Casarões coloniais do Largo do Rosário, em Ouro Preto.Ouro Preto foi a maior e mais importante cidade do ciclo do ouro mineiro, uma espécie de metrópole do século 18 graças ao garimpo. É uma cidade para ser degustada, comida com os olhos. Presente e passado se misturam a todo momento num passeio por entre os casarões centenários. As montanhas da Serra de Itacolomi fazem a moldura natural da cidade e no alto de cada morro desponta uma igreja. A melhor forma para explorar Ouro Preto é a pé, para contemplar calmamente o mais importante patrimônio pultural e histórico do País, tombado pela Unesco em 1960.

Comece o roteiro pela Praça Tiradentes, o marco zero da cidade, onde está o Museu da Inconfidência, que abriga móveis e peças sacras do século 18 – e até os túmulos dos inconfidentes. No centro da praça, observe o monumento em bronze e granito que serviu para expor a cabeça do alferes Joaquim José da Silva Xavier, o Tiradentes. Desça a Rua Claudio Manoel e entre na Igreja de São Francisco, a obra-prima da arquitetura barroca mineira. Admire a impressionante pintura do forro, feita por Manoel da Costa Athayde e a beleza dos entalhes em pedra-sabão da portada e do altar, esculpidos por Aleijadinho. Essa mesma pedra serve hoje como base para o artesanato local: panelas, pratos, caixas, imagens... Quase  todos compram na feirinha que fica bem de frente à igreja, no Largo de Coimbra.

Bem próximo, descendo a rua um pouco mais, conheça a Mina do Chico Rei, a única mina de ouro aberta à visitação na cidade.  Não passa de um túnel apertado e úmido, onde mal cabe uma pessoa de pé. Mas que transmite a ideia de como deveria ser a extração artesanal de ouro feita por escravos providos apenas de marreta e picareta. Nessa época, Ouro Preto era quase um queijo suiço: há duas mil bocas de minas ao redor da cidade, de onde saíram toneladas de ouro ao longo de cerca de 150 anos.

Se o passeio abrir o apetite, aproveite a  boa comida mineira preparada em fogão a lenha. Retorne em direção à Igreja de São Francisco e, bem ao lado dela, faça uma parada no restaurante Bené da Flauta (Rua São Francisco de Assis, 32). Note que no cardápio a carne de porco é a vedete do prato máximo da casa: o feijão-de- tropeiro, que leva bisteca, linguiça, couve, arroz e dois ovos fritos. E a viagem histórica se transforma também em gastronômica. Tem gente que ganha uns quilinhos a mais, pois nada é light na tradicional cozinha mineira. Mas dá para queimar as calorias. Basta cami­nhar mais um pouco pelas ladeiras.

Mina da Passagem

A Praça Tiradentes, coração de Ouro PretoComece por outra grande atração de Ouro Preto: a Igreja de Nossa Senhora do Pilar, internamente toda decorada com ouro. É um deslumbre, fruto da extravagância e da riqueza que gozavam as irmandades cristãs dos tempos do garimpo. Segundo historia­dores, a opulência das obras era sinônimo de status para cada ordem religiosa.

Como os negros eram proibidos de frequentar as igrejas dos brancos, construíam as próprias, caso da Igreja de Nossa Senhora do Rosário dos Pretos, cujo grande difefen­cial é a forma curvilínea das paredes.

Internamente, não tem a riqueza das outras. O folclore local divulga que os negros juntaram recursos para erguer seus templos graças ao ouro que conseguiam esconder na boca ou nos cabelos.
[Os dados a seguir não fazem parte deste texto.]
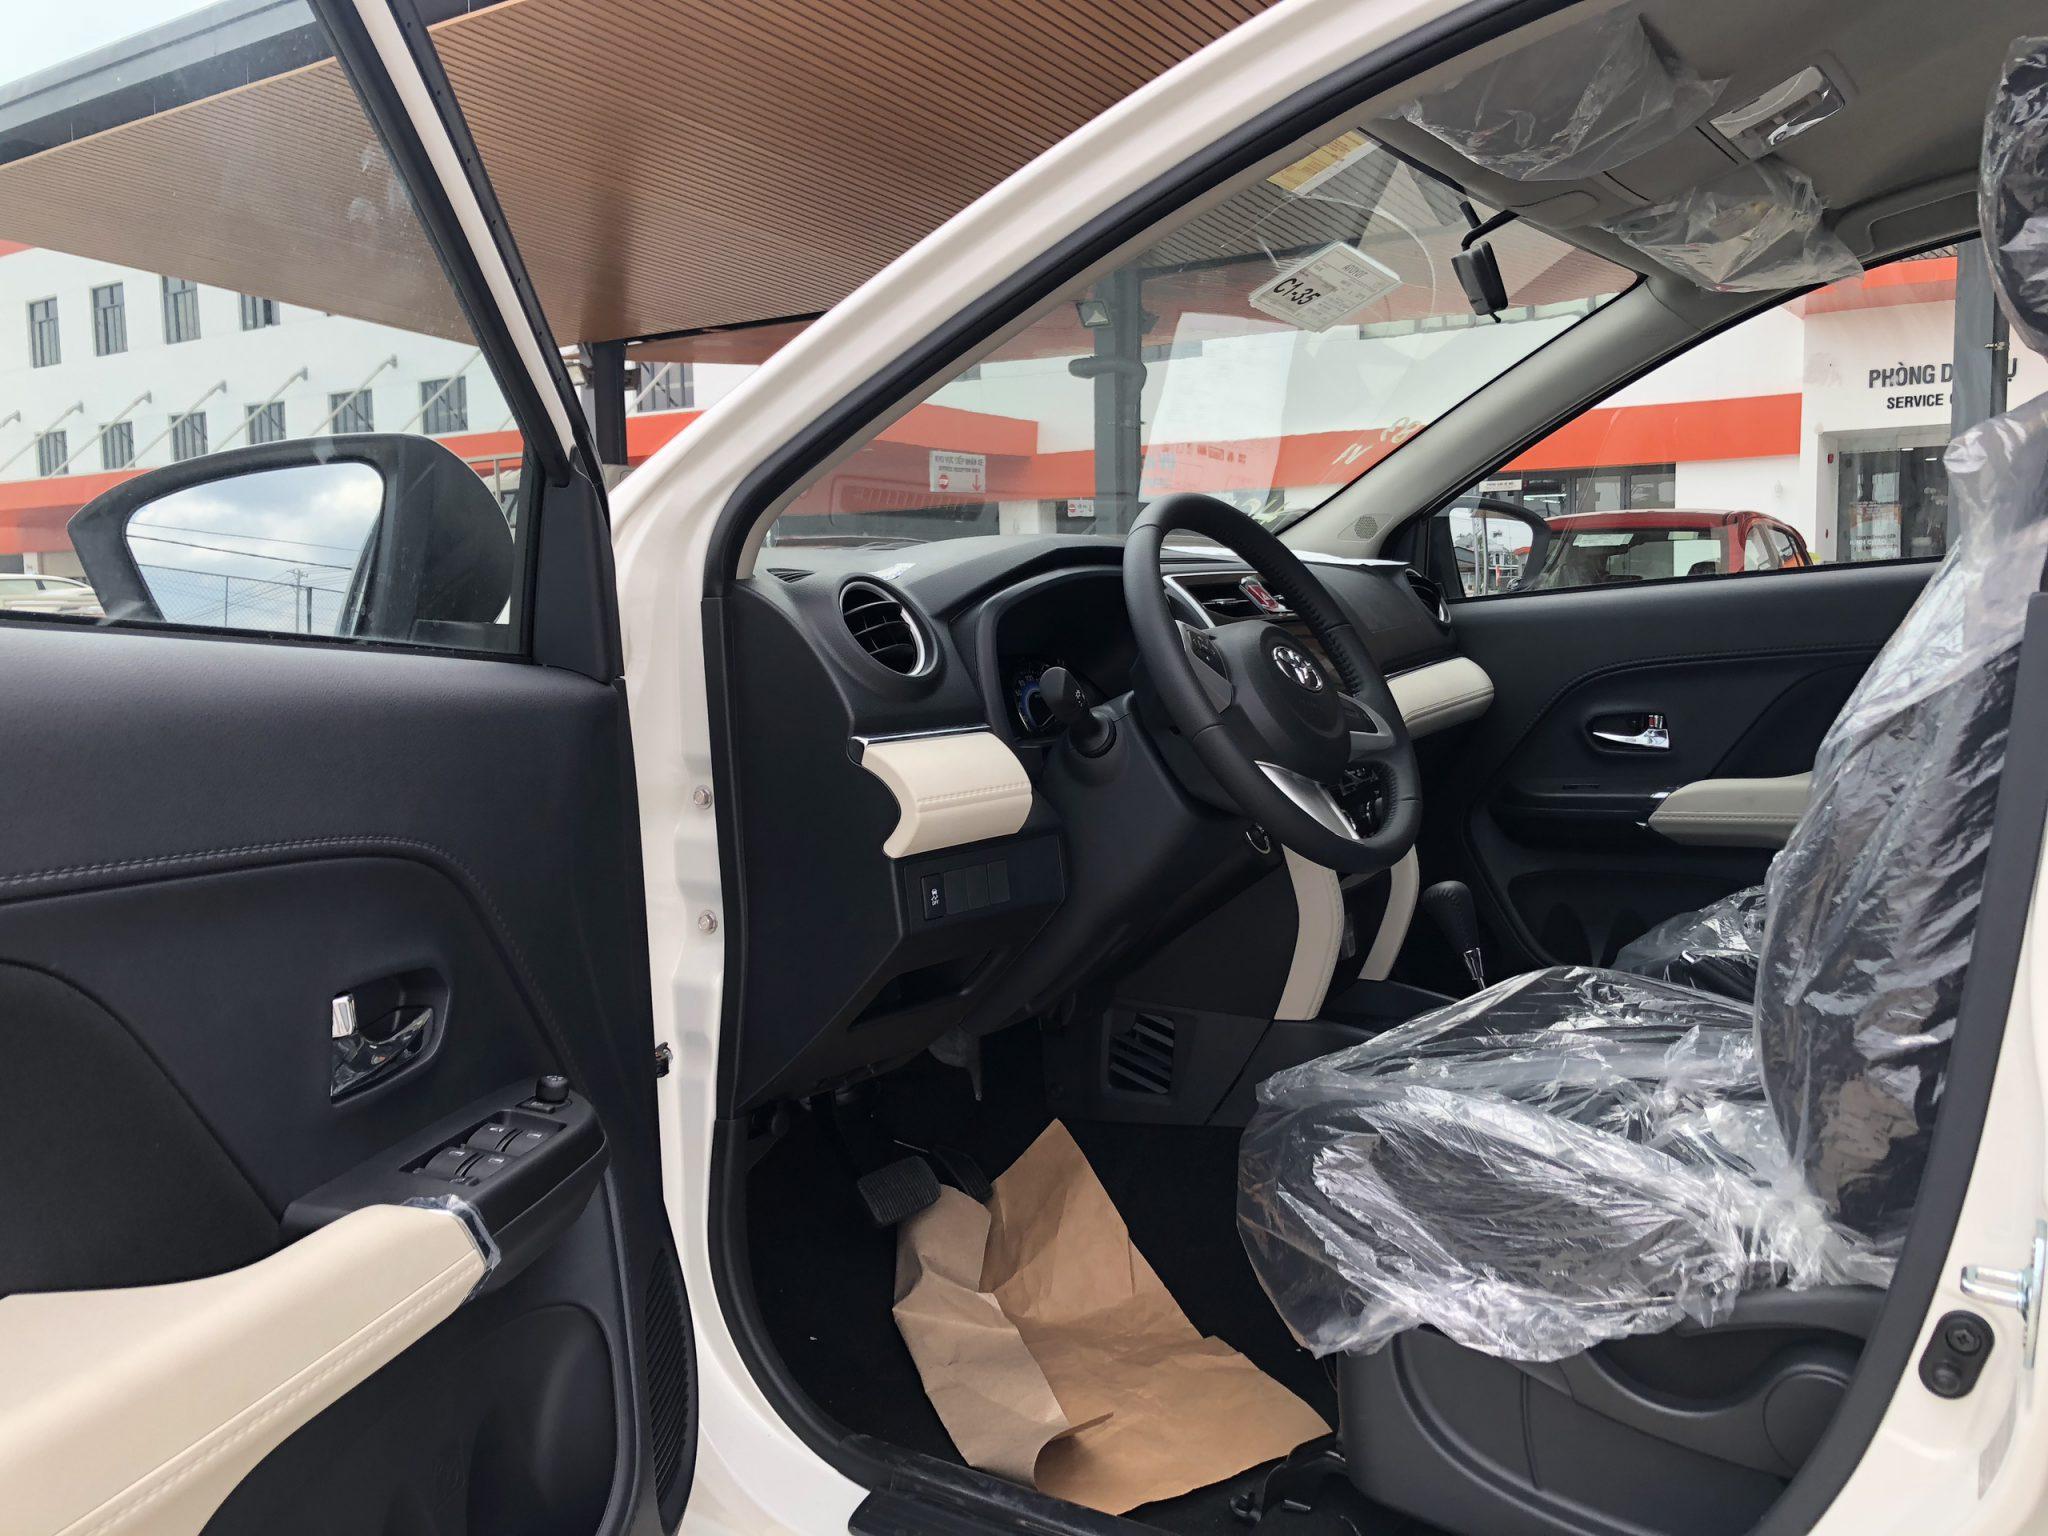 Toyota Avanza 1.3 MT ảnh 6 - Avanza 1.3 MT [hienthinam] (số sàn): giá xe và khuyến mãi

Saindo do Largo do Rosário, visite a Casa dos Contos, o antigo local de pesagem e fundição de ouro, hoje um museu. Nesse casarão, o ouro era transformado em barras e recebia o brasão da coroa portuguesa. As salas guardam as ferramentas que ajudavam no processo de fundição, além de utensílios usados para castigar escravos fujões, pois no local também havia uma prisão.

De volta à Praça Tiradentes, siga na direção da Igreja do Carmo, especificamente para a casa anexa, onde fica o curioso Museu do Oratório. Lá está uma coleção de oratórios dos séculos 18 ao 20, de diversos tipos e tamanhos. Esses objetos eram usados no culto religioso doméstico, tão fundamental em qualquer casa mineira como a pia ou a cama. Ocupava lugar de destaque nos quartos – ou mesmo na sala. Na coleção, há peças valiosas, com esculturas e pedras preciosas, e outros pequenos e populares, usados em viagens.

Almoçar no restaurante Casa do Ouvidor (Rua Conde de Bobadela, 42) é uma boa iniciativa antes de reservar a tarde para conhecer a Mina da Passagem, no caminho para Mariana. É a mais bela e antiga mina da região.

Funcionou até 1985, já com sistema de garimpo industrial, até que as perfurações atingiram um lençol freático que inundou boa parte das galerias. Você pode  entrar na mina a bordo de carrinhos sobre trilhos, os mesmos usados pelos mineradores. O passeio dura cerca de 30 minutos e inclui uma caminhada por entre os túneis subterrâneos até a beira de um lago azul que existe lá dentro.

Trem para Mariana

As igrejas de São Francisco de Assis(à esq.) e Nossa Senhora do Carmo (à dir.)Quase colada a Ouro Preto, Mariana não tem o mesmo brilho da vizinha, mas muito se orgulha de ser a primeira cidade de Minas. Foi lá, às margens do riacho que corre pelos vales, que o bandeirante paulista Fernão Dias Paes, pelos idos de 1690, teria encontrado ouro por acaso, ao mergulhar a gamela na água para matar a sede. A descoberta provocou uma incrível corrida pelo ouro naquela época do Brasil-colônia.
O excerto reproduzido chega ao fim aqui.